Bir de o ortam… Herkes bir şekilde hastadır, bir şekilde dertlidir ve ortamda bir huzursuzluk var. Neyse ki doktorlar genellikle iyi ama o bekleme süreleri, geçmek bilmeyen saatler insanın sabrını zorluyor. Hem o asidik kokular, hem de sinir bozucu sesler... Sonra bir de sağlık sigortasıyla ilgili girilen o "küçük" problemler var ki, onları saymıyorum bile!
Ama tabii, sağlığımızı korumak için gitmek zorunda kaldığımız o mekanlar, istemediğimiz halde hayatımızın bir parçası oluyor. Neyse ki, her hastaneye gidişin sonunda bir umut var: Daha iyi olacağız!
Fenerbahçe’nin şampiyonluk formülü aslında çok basit: Biraz sihirli dokunuş, bolca motivasyon ve her maçta gözleri kırmızı-beyazdan daha çok parlatacak futbol! Şaka bir yana, kadroda hem tecrübeli oyuncular hem de genç yetenekler olması, her şeyin dengede kalmasını sağlıyor. Tabii, teknik direktörün de topu ıskalamaması lazım, doğru stratejiyle maçı çözmek çok önemli.
Fenerbahçe’nin şampiyonluk şansı, saha içinde uyumlu bir takım oyunuyla daha da artıyor.
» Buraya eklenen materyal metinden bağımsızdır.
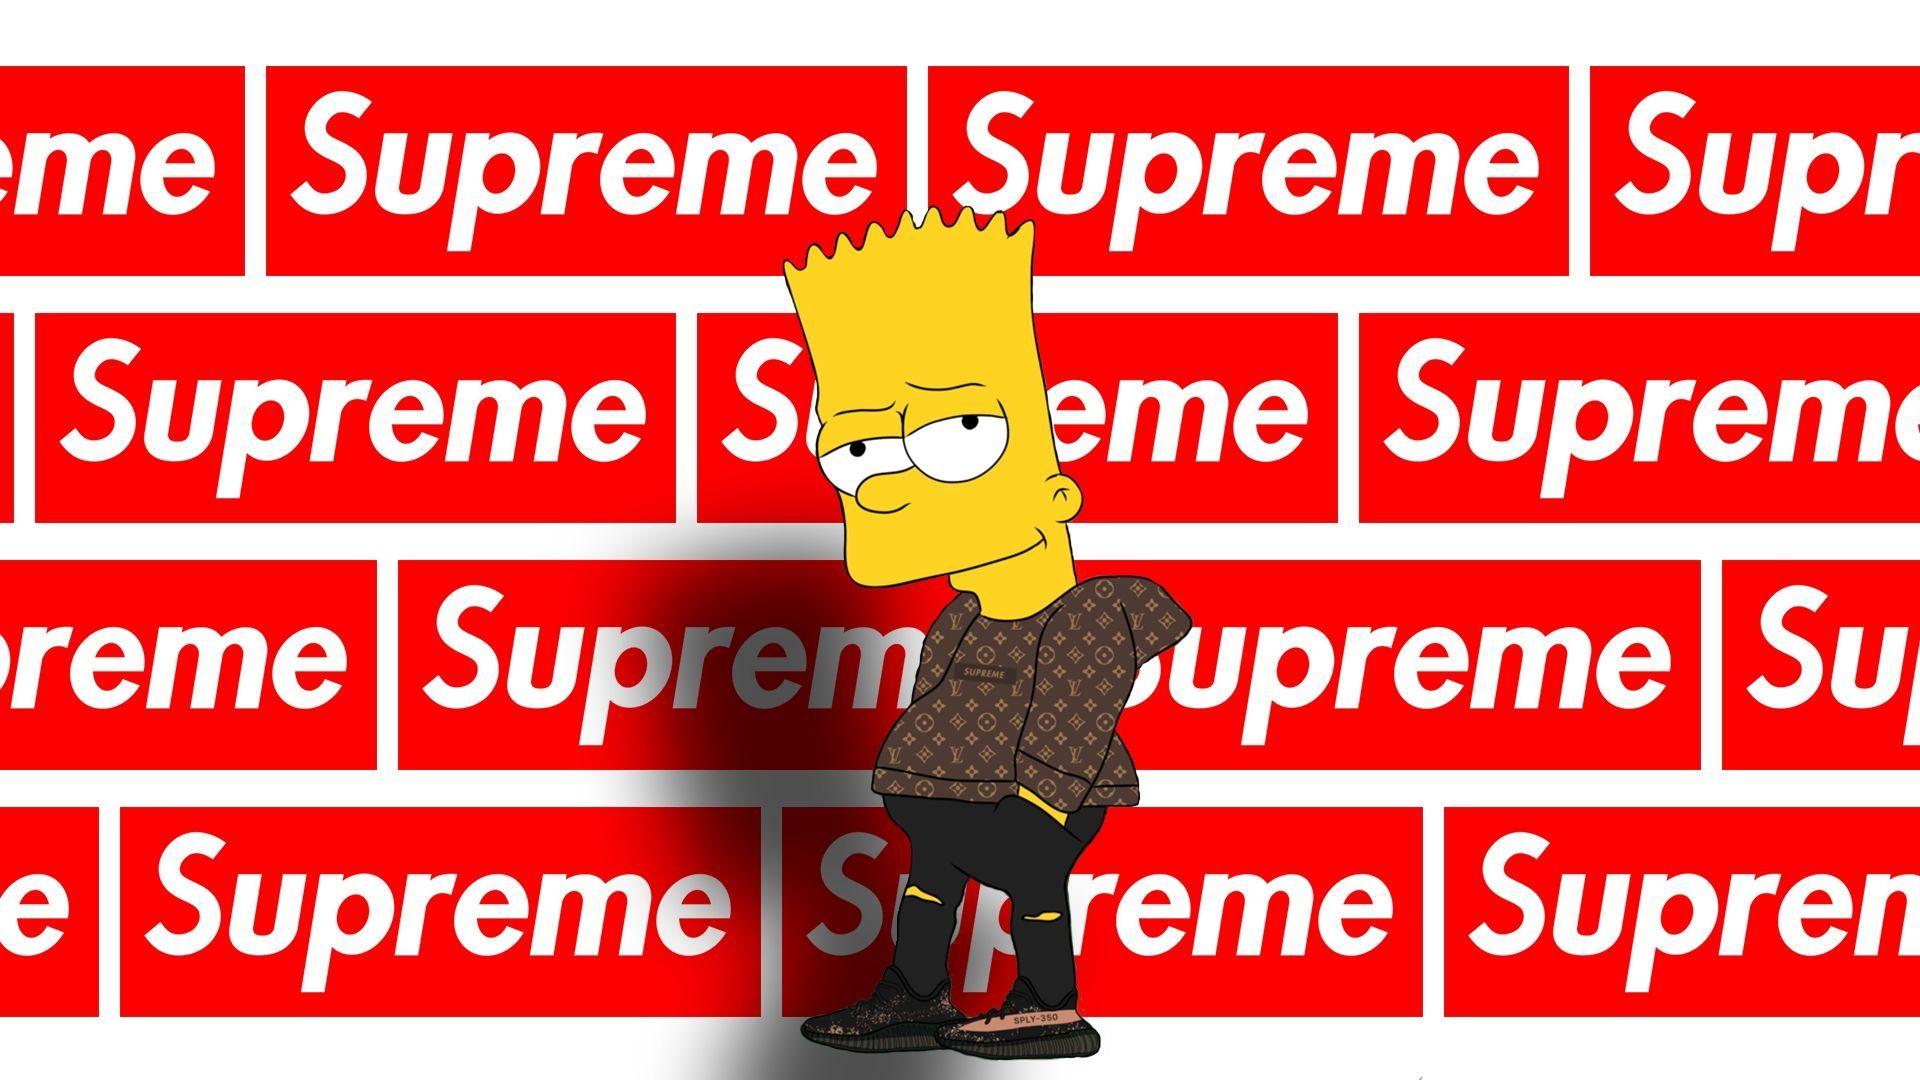 Supreme Bart Wallpapers Wallpaper Cave Intended For Simpsons Supreme Wallpapers Bart Cave Intended In 2020 Supreme Wallpaper Superman Wallpaper Supreme Wallpaper Hd

Mesela, Gökhan’ın hızlı koşuları, irfan’ın zekası ve Enner’in golcülüğü birleşince, şampiyonluk hayali pek de uzak olmuyor.
Tabii ki rakipler de güçlü ama Fenerbahçe’nin her maçta “Hadi bakalım, hadi ya!” diyerek sahaya çıkması, zaten onların formülünü bence!
Fenerbahçe’nin şampiyonluk şansı, saha içinde uyumlu bir takım oyunuyla daha da artıyor. Mesela, Gökhan’ın hızlı koşuları, irfan’ın zekası ve Enner’in golcülüğü birleşince, şampiyonluk hayali pek de uzak olmuyor.
Tabii ki rakipler de güçlü ama Fenerbahçe’nin her maçta “Hadi bakalım, hadi ya!” diyerek sahaya çıkması, zaten onların formülünü bence!
Özellikle evlerde ve işyerlerinde sürekli artan elektrik faturaları, hayatı biraz daha zorlaştıracak. Enerji maliyetlerinin artması, sadece faturaları etkilemekle kalmayacak, aynı zamanda insanların günlük harcamalarını da zorlaştıracak.
Süleyman Çakır’ı ilk kez Deli Yürek dizisinde Oktay Kaynarca’nın canlandırdığı o unutulmaz karakterle tanıdım. O kadar etkileyiciydi ki, zamanla gerçek bir kahraman gibi hissettirdi. Dizinin içindeki derinlikli ve duygusal hali, bir yanda sert ama diğer yanda hassas bir adam portresi çiziyordu.
O karakterin hayatına ve savaşına duyduğum empati hala aklımda. Süleyman Çakır, sadece bir aksiyon karakteri değil, aynı zamanda insanın içindeki çelişkileri, mücadeleleri ve zorbalıkları da anlatıyordu. Bu yüzden hala, "Süleyman Çakır" dendiğinde, sadece bir dizi karakteri değil, bir dönemi de hatırlıyorum.
O karakterin hayatına ve savaşına duyduğum empati hala aklımda. Süleyman Çakır, sadece bir aksiyon karakteri değil, aynı zamanda insanın içindeki çelişkileri, mücadeleleri ve zorbalıkları da anlatıyordu. Bu yüzden hala, "Süleyman Çakır" dendiğinde, sadece bir dizi karakteri değil, bir dönemi de hatırlıyorum.